Trouble with 20-bit HDCD


Greetings,

I purchased a CD that turned out, on delivery, to be a 20-bit HDCD published in 2002 (although the disk itself brand new). The music on it is very rarely recorded (Girolamo Kapsberger’s “Jesuit Opera”) and only available in this format.
My Project transport (Box RS) doesn’t recognize the disk, however. I presume that there is no solution to this problem (apart from buying a different transport) but I’m still interested in what kind of compatibility issue may cause the problem.

Thank you,

Csaba

malacka
Did you know that Kaspberger’s first name is really Johannes ?  He was a German working in Italy (his patrons referred to him as In Tesoro de Tedesco) and probably Italianicized his name at one point.
  Regarding the HDCD issue, I have several HDCDs ofthat era that have played on several CD and SACD players.  Have you tried it on another player?
No compatibility issues.
For convenience, I have ripped all my CD's and then wrote some scripts to scan for HDCD and decode them. Now all my HDCD's are stored as 24 bit FLAC.

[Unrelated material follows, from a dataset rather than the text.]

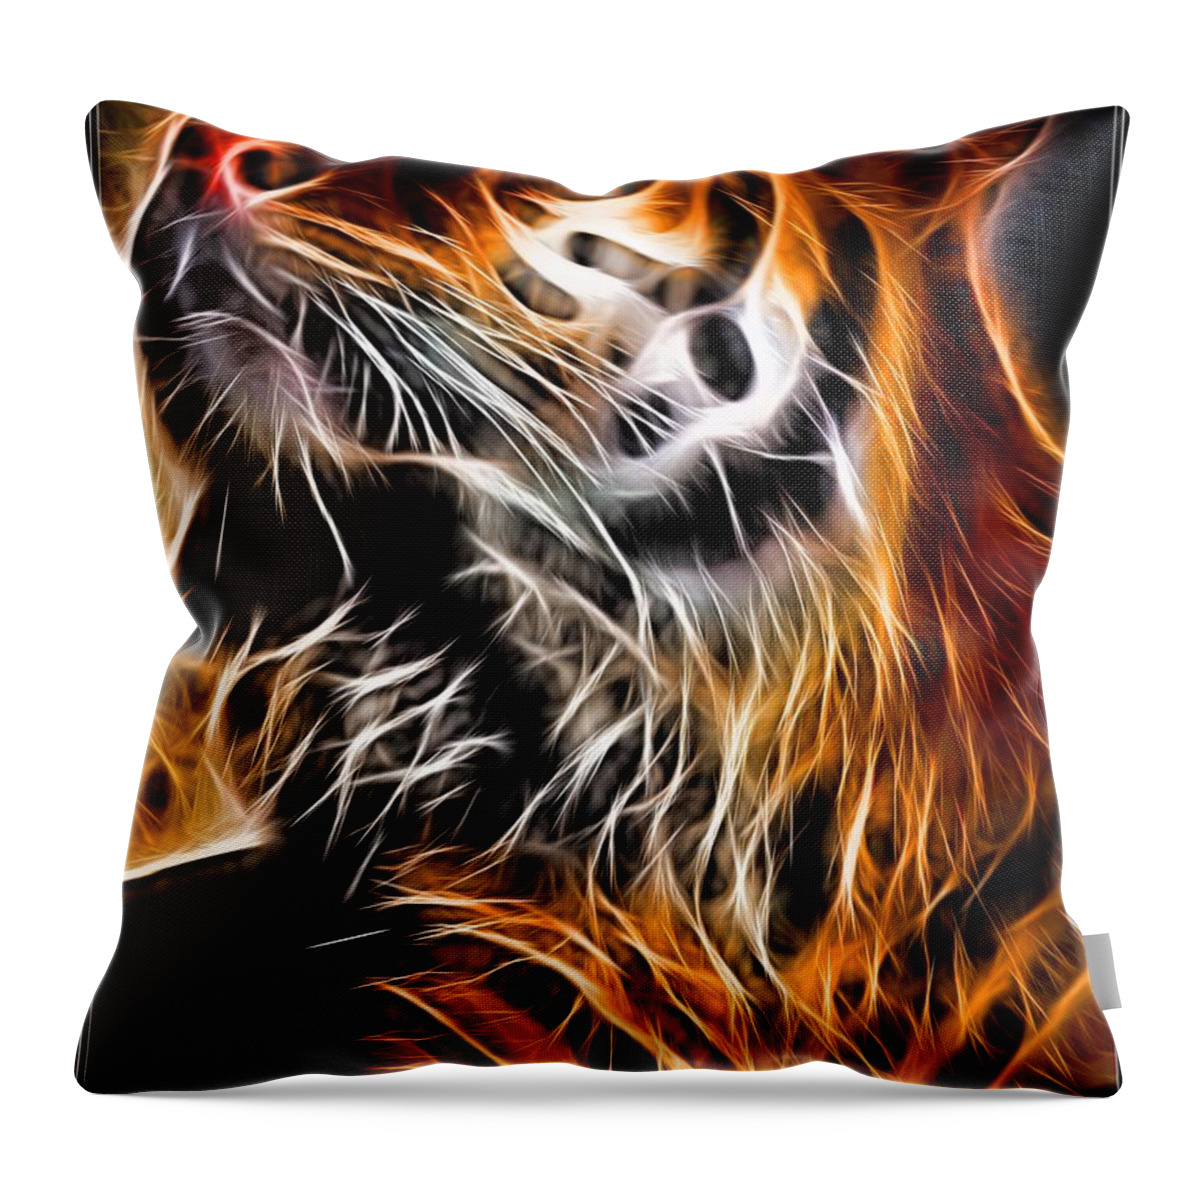 Tiger Throw Pillow featuring the painting Glowing Tiger by Jon Volden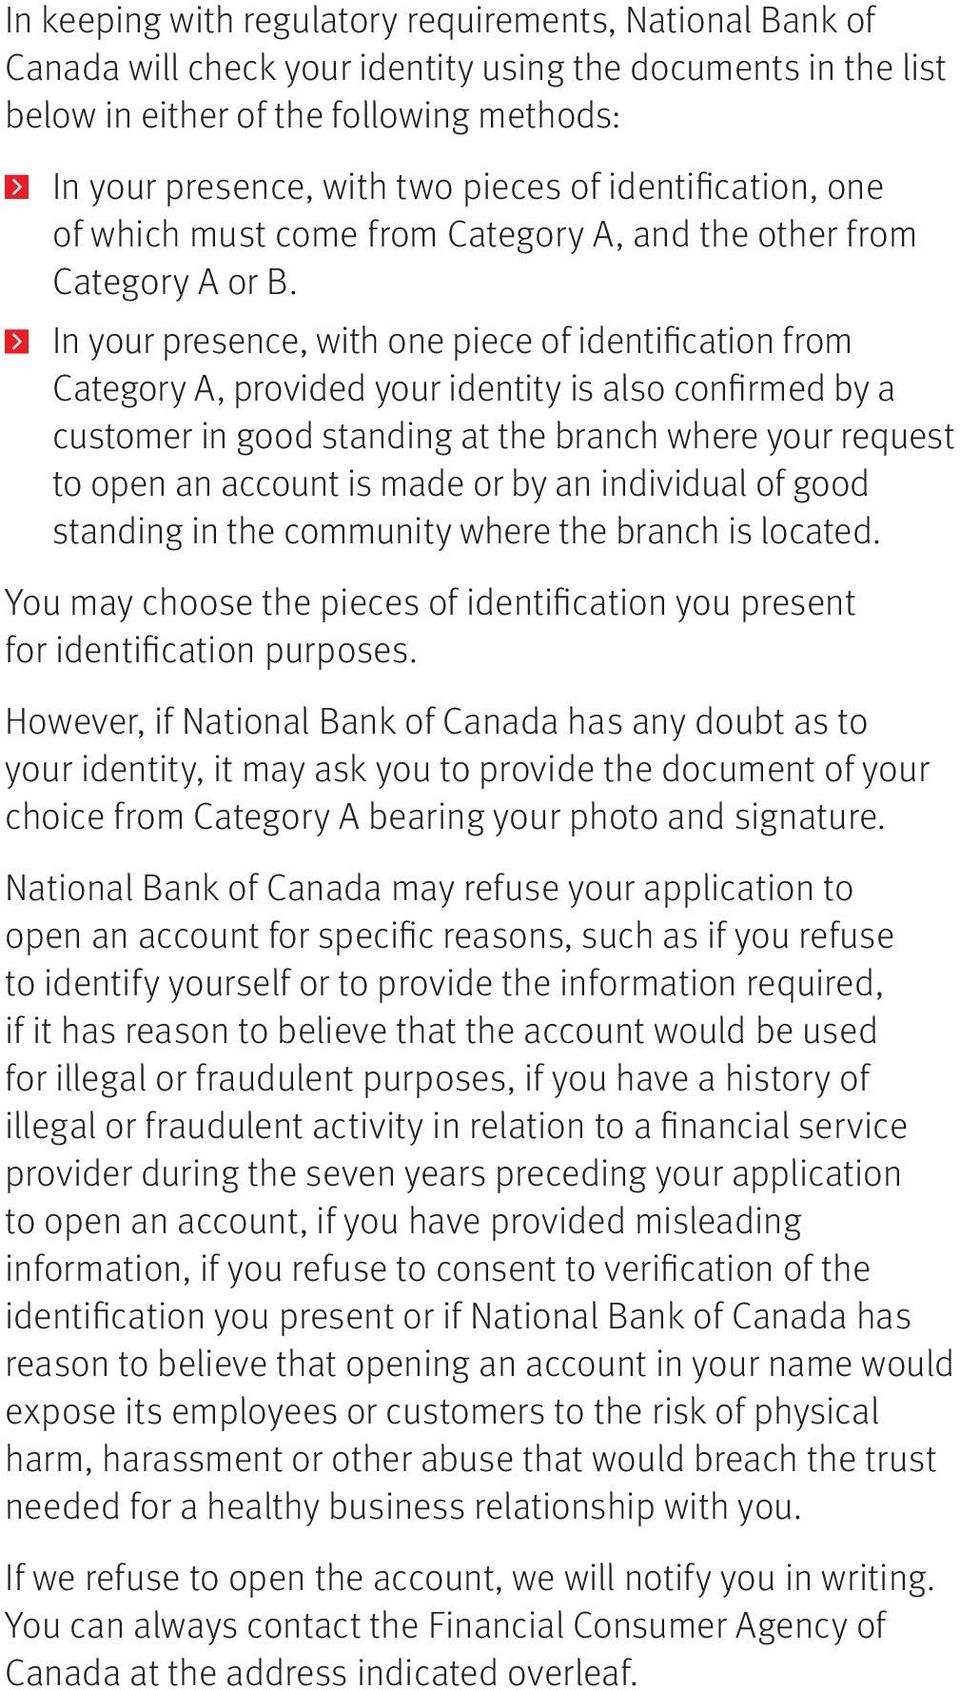 In your presence, with one piece of identification from Category A, provided your identity is also confirmed by a customer in good standing at the branch where your request to open an account is made

I imagine there is some conversion tool out there for whatever PC / OS X you are using as well.

Best,
E
I would see if the disc will play on the computer. If so rip a new copy.Or it may be the disc you have was ripped and your player will not play ripped discs?

Thank you all for the help.

- eventually, the only thing I could do was copying, bit-by-bit the CD into my digital library on an SSD, so at least I can now listen to the music, without compression and through a DAC;

- the problem was not the DAC - the signal never quite made it that far, since the transport itself didn't recognize that it was fed a CD;

- other players: my 10-dollar CD-radio in the bathroom played the disk without a problem. Perhaps I should give up on all the fancy stuff and just go back to the boombox of my greener days;

Kapsberger: yes, and thank you. I also have a number of recordings with his music but, being a lutenist, I mostly focused on his plucking and not his operas.

The disk must have a menu that specific CD player cannot read. Some types of opening lines are deliberately left off some Cd players/transports for 'political' reasons. Anti copying stance of makers.. etc. Though most disc reading machines will read anything you throw at them with the CD size pits. So I would chalk it up to technology. Glad you got it to work.